For the rest of the cooking, I followed something similar to how I cooked my last pork loin roast. Add 1 cup of chicken stock to the bottom of the pan and tent with foil. Place in the oven and continue cooking until pork is done (155 degrees), about 1 hour. When done, transfer pork to a plate and recover with foil. Let rest for 5-10 minutes and slice into 1-inch pieces on the diagonal.

loin

Spoon the yummy, yummy sauce onto a platter and top with the slices of pork.

Alternate Spice Rub:
3 tbsp ancho chile powder
1 tsp chile de arbol
1 tbsp pasilla chile powder
1 tblsp guajillo powder
1 tsp allspice
2 tbsp brown sugar
1/2 tsp cinnamon
Salt and freshly ground pepper

Combine all ingredients in a small bowl and season with salt and pepper.

tamales

With this pork loin roast, I also made tamales as a side dish. Settle down. Just simple tamales. This recipe made about seven, so there were leftovers for us. They were good the next day with leftover pork and black beans.

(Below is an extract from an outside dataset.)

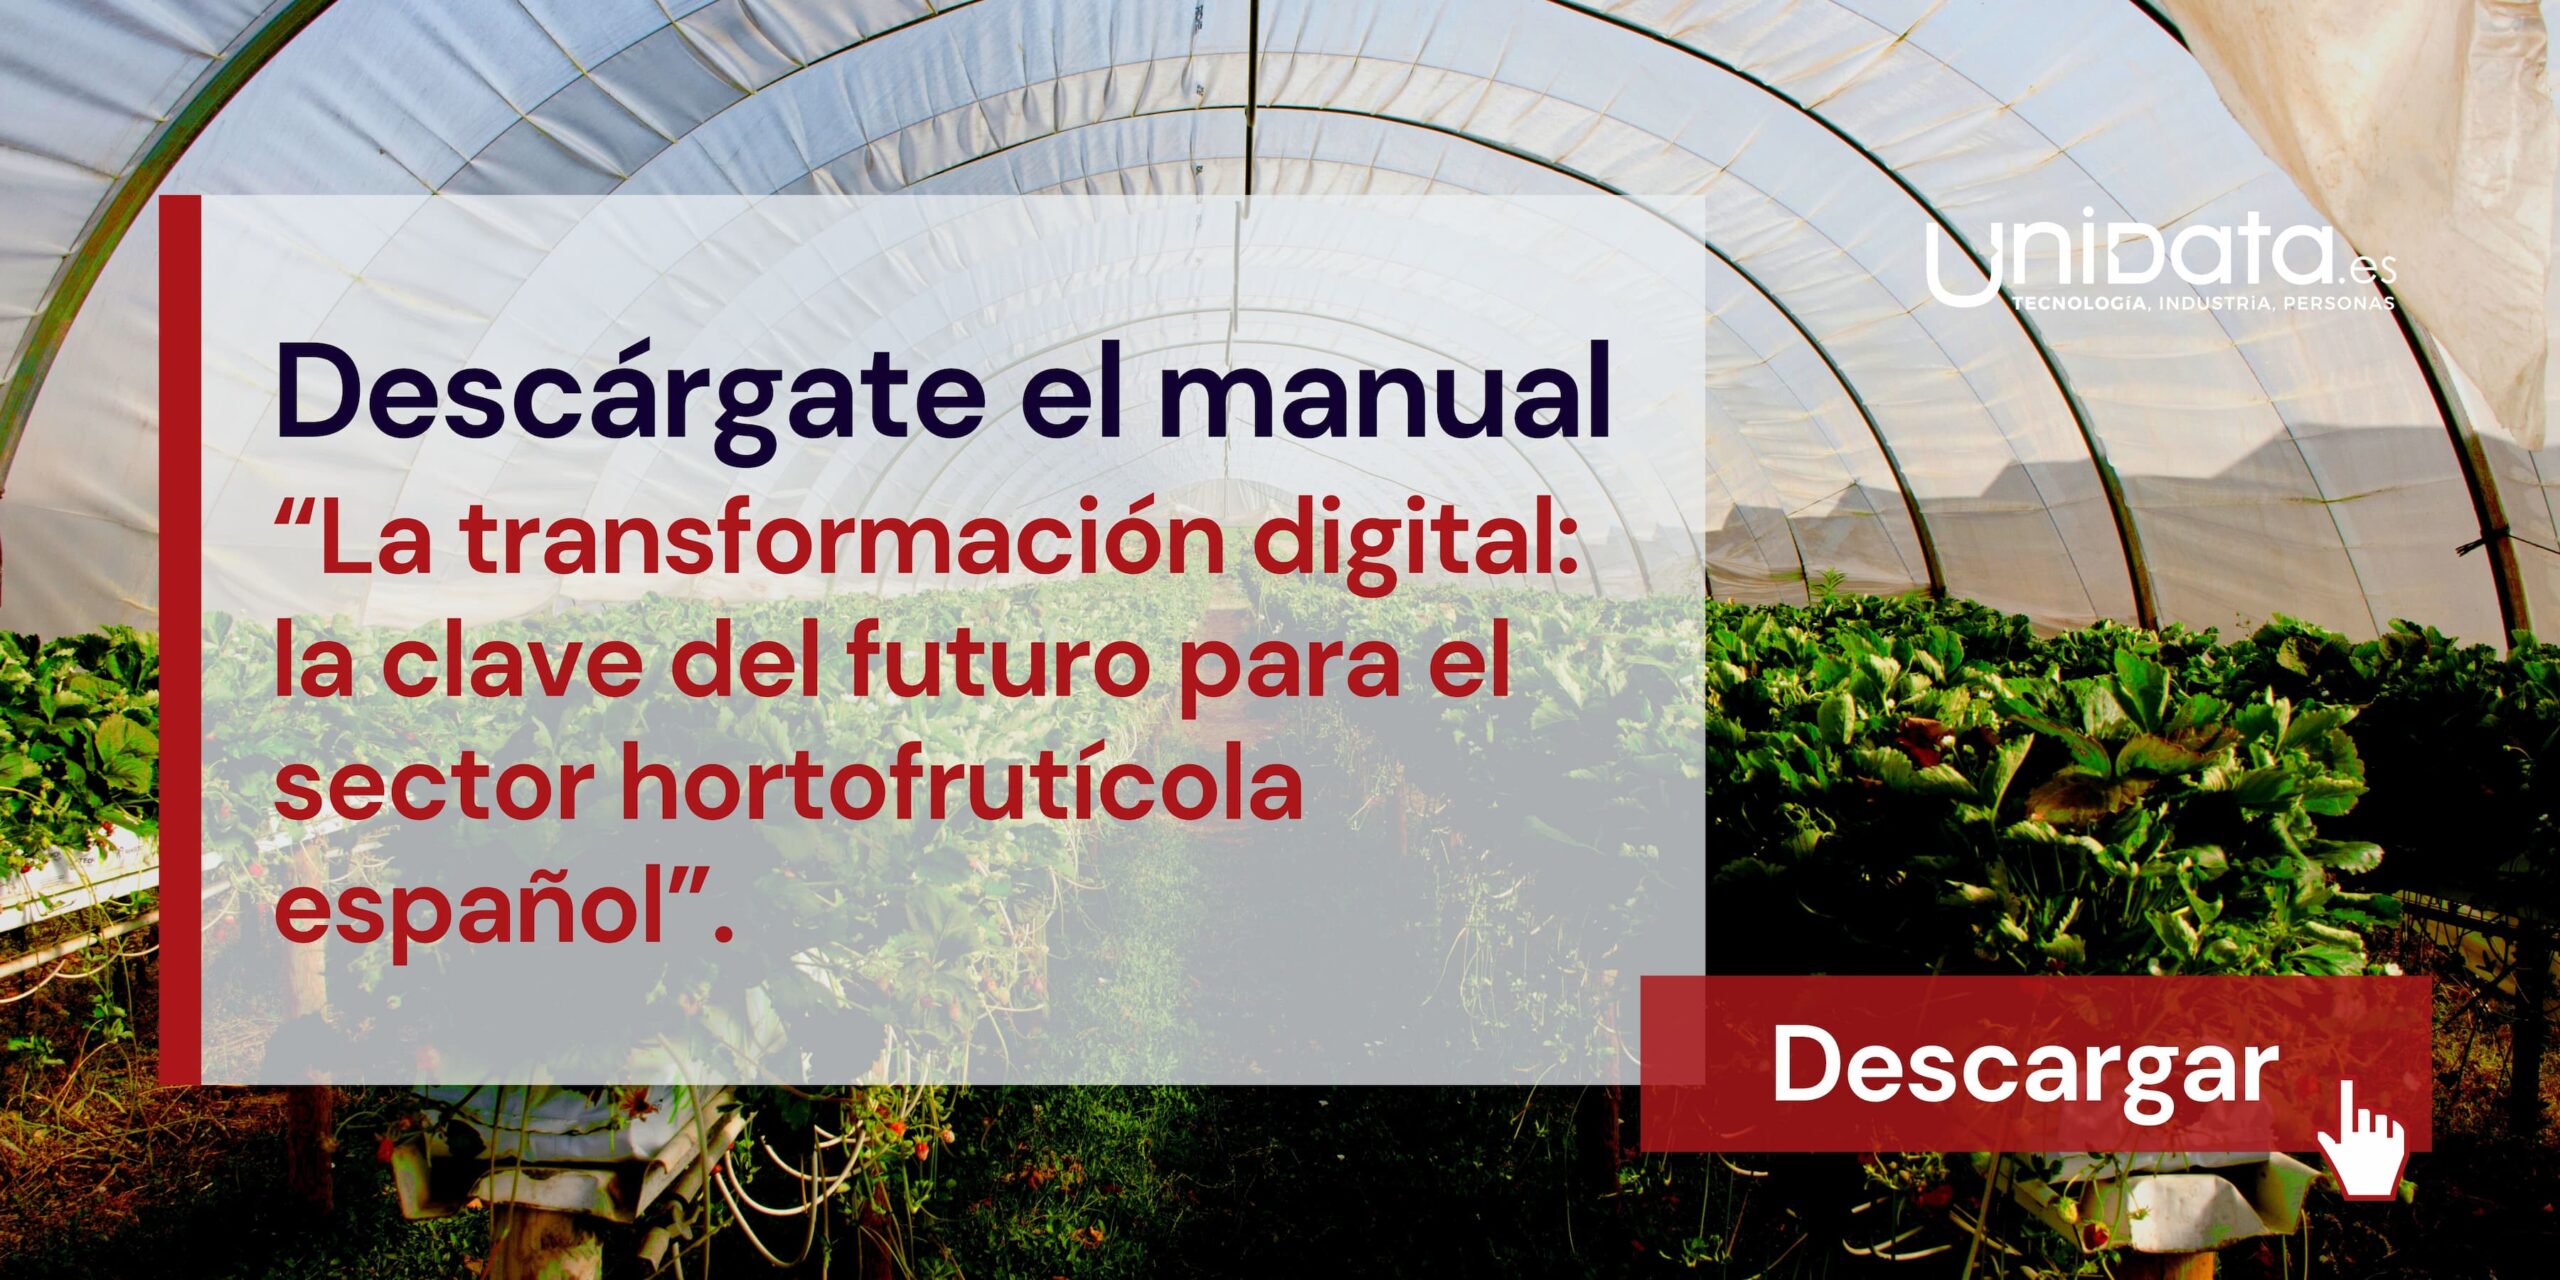 La transformación digital: la clave del futuro para el sector hortofrutícola español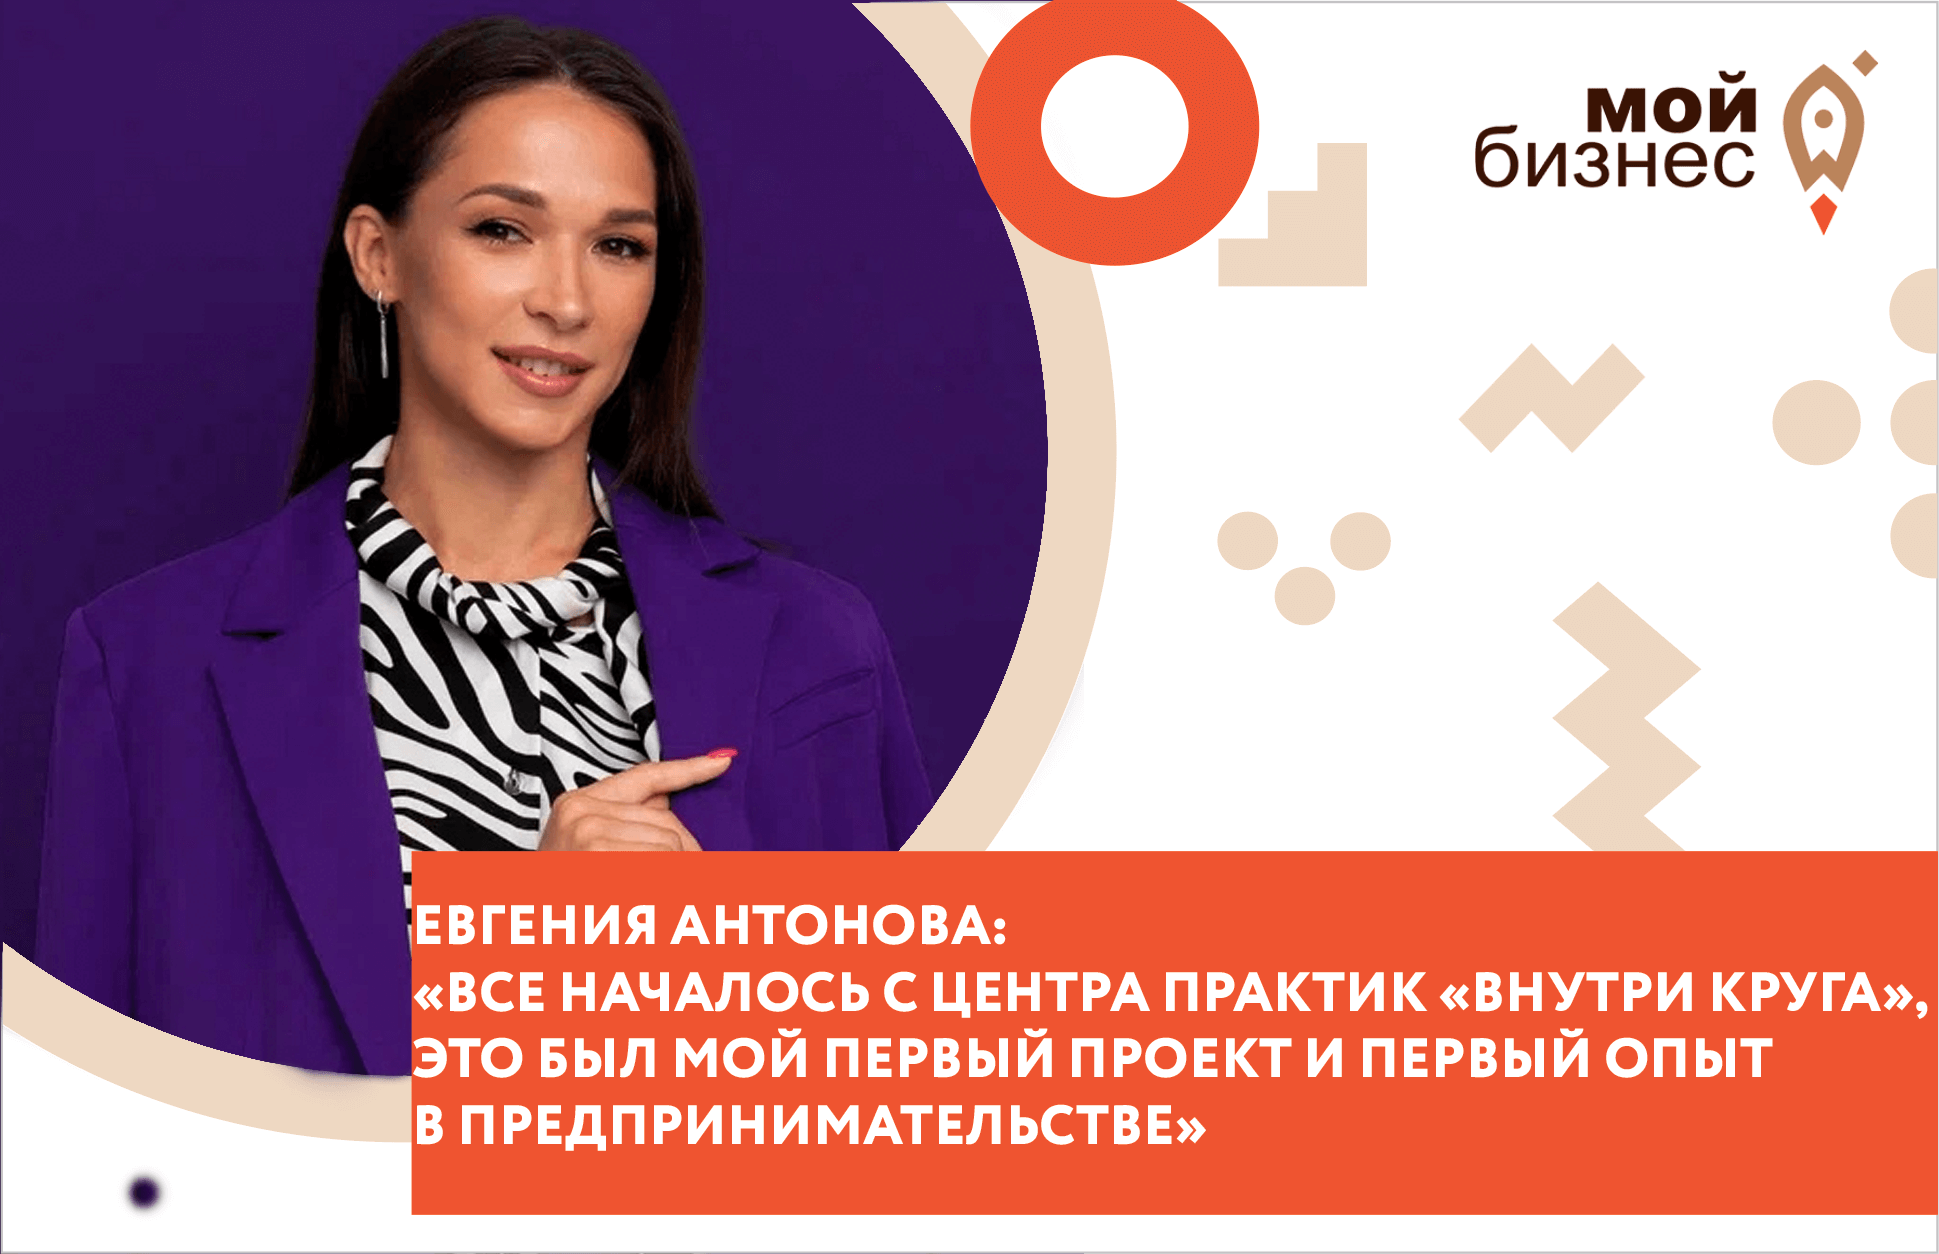 Евгения Антонова: "Все началось с Центра практик "Внутри круга", это был мой первый проект и первый опыт в предпринимательстве"

Roasted Garlic and Goat Cheese Tamales
15 dried corn husks
3/4 cup corn kernels (fresh or frozen)
1/2 medium onion, coarsely chopped
7 cloves of roasted garlic (Wrap separated cloves in aluminum foil and bake 30-40 minutes at 400 degrees until soft)
1 cup chicken stock
3 tbsp unsalted butter, melted
3 tbsp vegetable shortening , melted
3/4 cup masa harina
1/2 tsp sugar
1/2 tsp fresh thyme leaves (less if using dried thyme)
Salt and freshly ground pepper
1/2 cup goat cheese, crumbled

Bring a large pot of water to a boil. Turn off the heat. Add the dried corn husks and weight down with a plate. Let soak until soft, about 30-40 minutes. Pat dry and set aside the best 8 husks. Cut the other husks into strips for tying.

If using frozen corn, place in a microwave safe bowl add a tablespoon of water and cook, 2 minutes or so until done. Drain excess water.

Puree the corn, onion, roasted garlic, and stock in a food processor. Transfer the mixture to a mixing bowl and mix in the melted butter and shortening. Add the masa harina, sugar, and salt and pepper to taste. Fold in the goat cheese.

The mixture will seem very loose — that’s okay. Lay a husk flat on a work surface. Place about 1/4 – 1/3 cup of masa mixture in the center.

tamnale

Roll up. Tie each end of the bundle with a strip of corn husk.

Arrange the tamales in a single layer on a steaming rack, cover tightly with foil or a lid, and steam over boiling water for 1 1/2 hours.

tamales

We had the pork and tamales with a simple side of sautéed Swiss chard. For true crazy decadence, put a dollop of butter on the hot tamale. Mmm!

Planning:
I made this on a Sunday, so I had all afternoon to work on it and take breaks. I roasted the garlic first, then made the sauce. Next, I soaked the corn husks. Then, if I remember correctly, came a little TV and a beer.

I made the tamales next and while they steamed, I seared the pork and got it in the oven. When done, the tamales can sit covered with foil, off the heat, for a bit. Nice. The pork also rests. Hey, this is a great time to sauté the greens.

Lastly, the sauce can get heated up and combined with a little sour cream (or plain yogurt) to finish it off.

Sit down and eat!

5 comments to Adventures in Pork II: Espresso-Spice Rubbed Pork Loin

  • What a feast! I don’t consider myself a really big fan of pork, but by the end of your post, I was drooling. It sounds simply delicious. Perhaps I should partake of “the other white meat” more often!

  • mlb

    :) Thanks

    You know, I’ve only cooked pork 3 times — all documented here, but each recipe has turned out really well. I’ll probably never cook with it as much as I do chicken but it’s been pretty tasty!

  • Pork is the meat we consume with the greatest frequency. These rubs sound wonderful. We’ll definitely have to give them a try. And tamales, yum!

  • It’s always the smart packaging that does us in! Fantastic post … I like pork and would definitely like to give this one a try.

  • My family is doing a Cured Ham for Thanksgiving and I’m coming up with a few different mustard sauce recipes and a version of yours will definitely be on the menu with proper accreditation. Everything sounds delicious and thanks for reminding us all that you don’t have to buy the pre-made stuff when you can just make it yourself.